Using the accent guesser, I have a Swedish accent. Danish and Australian English follow as a close tie.

It's not just the AI. Non-native speakers of English often think I have a foreign accent, too. Often they guess at English or Australian. Like I must have been born there and moved here when I was younger, right? I've also been asked if I was Scandinavian.

Interestingly I've noticed that native speakers never make this mistake. They sometimes recognize that I have a speech impediment but there's something about how I talk that is recognized with confidence as a native accent. That leads me to the (probably obvious) inference that whatever it is that non-native speakers use to judge accent and competency, it is different from what native speakers use. I'm guessing in my case, phrase-length tone contour. (Which I can sort of hear, and presumably reproduce well, even if I have trouble with the consonants.)

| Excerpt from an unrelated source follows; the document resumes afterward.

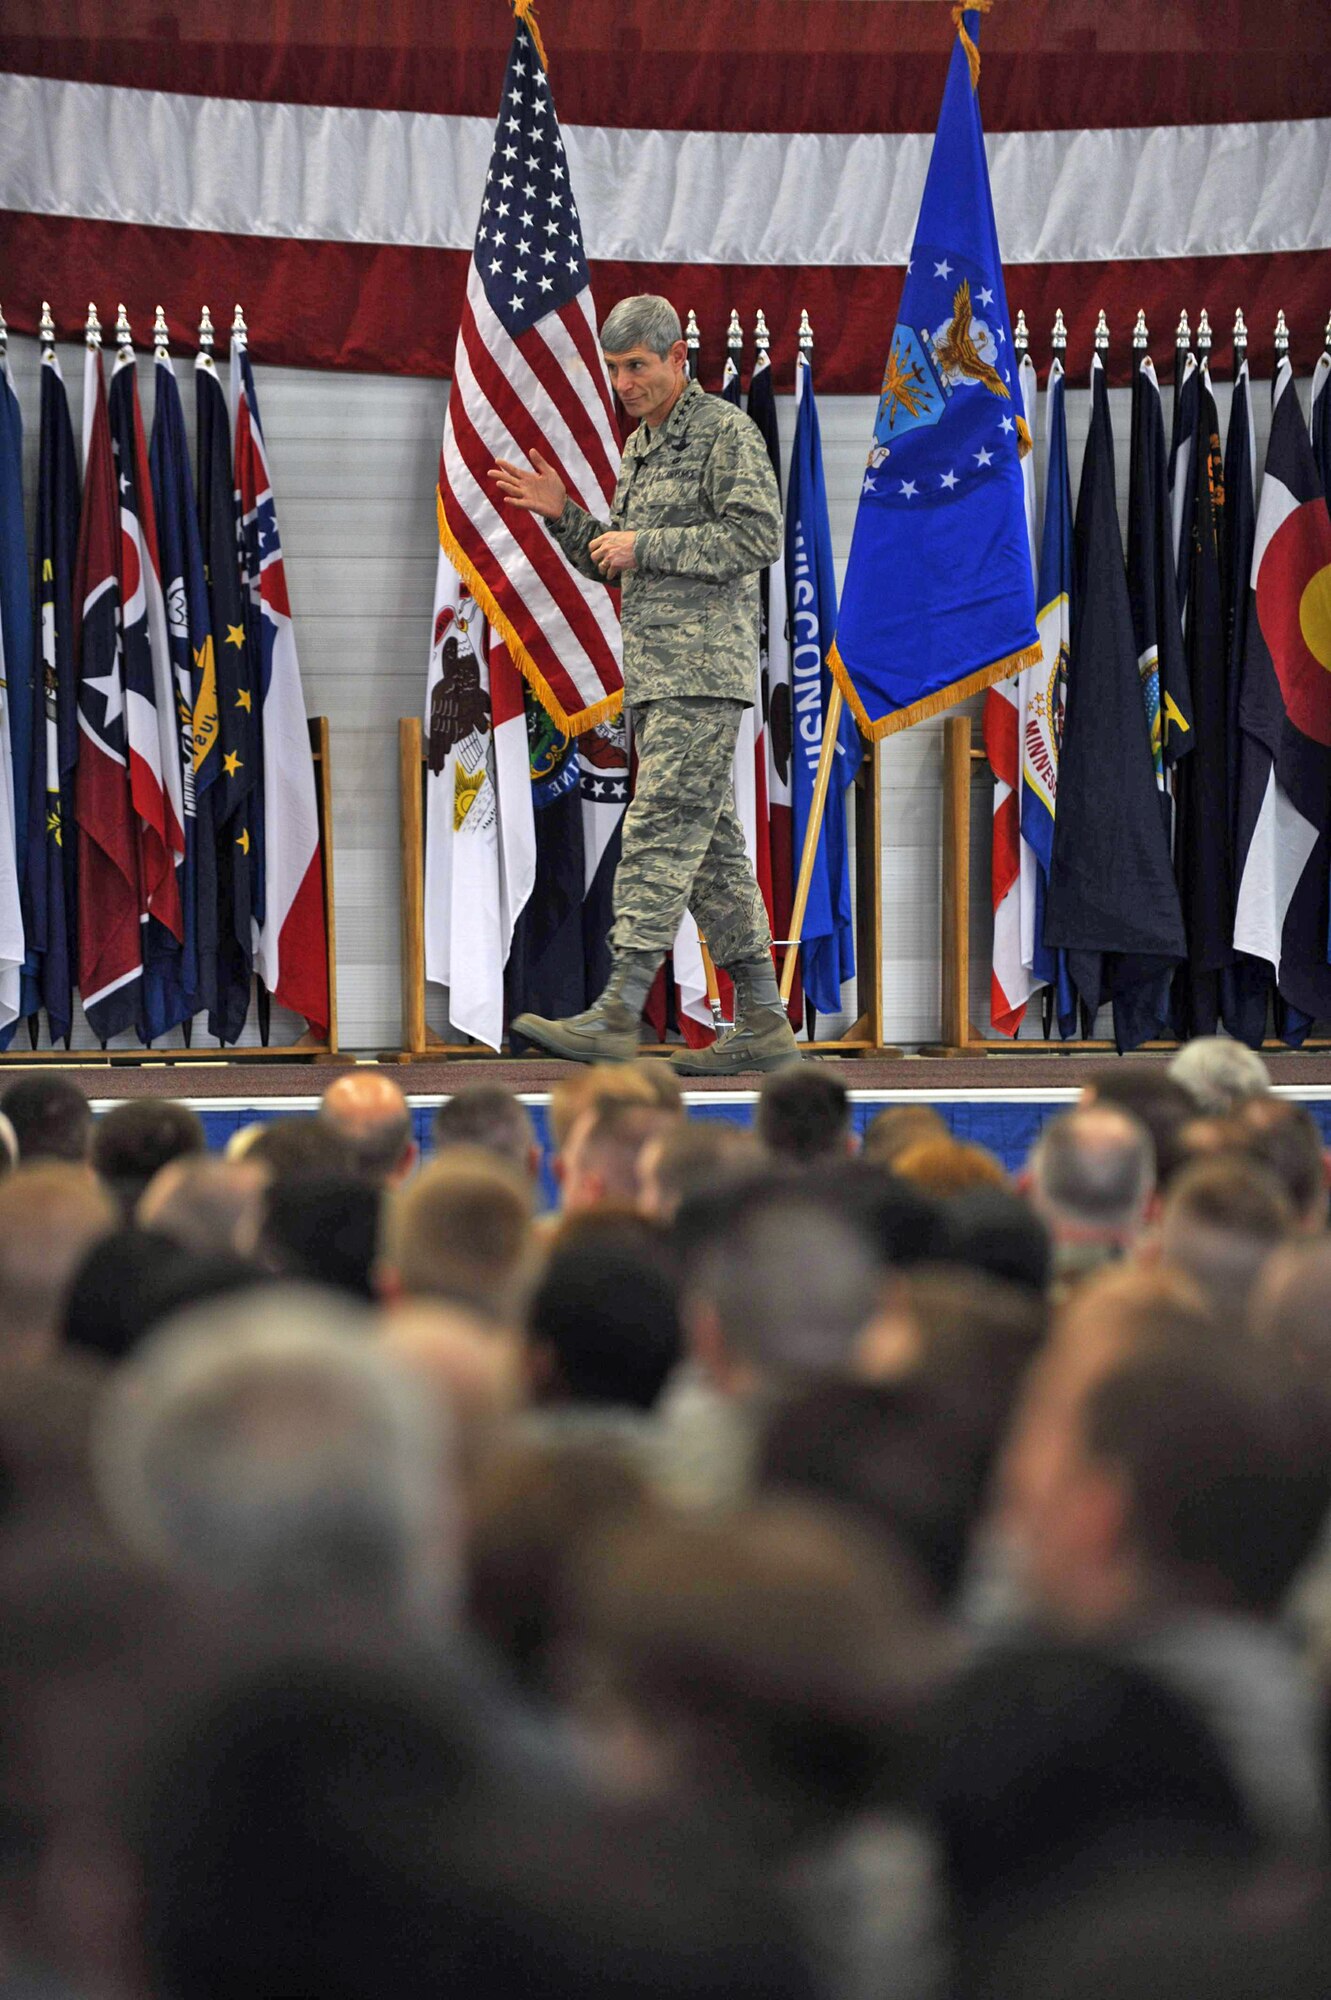 Gen. Norton Schwartz addresses more than 1,500 Airmen on teamwork and excellence April 1, 2010, at Minot Air Force Base N.D. (U.S. Air Force photo)

AI also really has trouble with transcribing my speech. I noticed that as early as the '90s with early speech recognition software. It was completely unusable. Even now AI transcription has much more trouble with me than with most people. Yet aside from a habit of sometimes mumbling, I'm told I speak quite clearly, by humans.

Hearing different things, as it were.

dmevich1•15m ago
Fascinating work — especially how geography and history influence accent clustering more than language families. Brilliant visualization!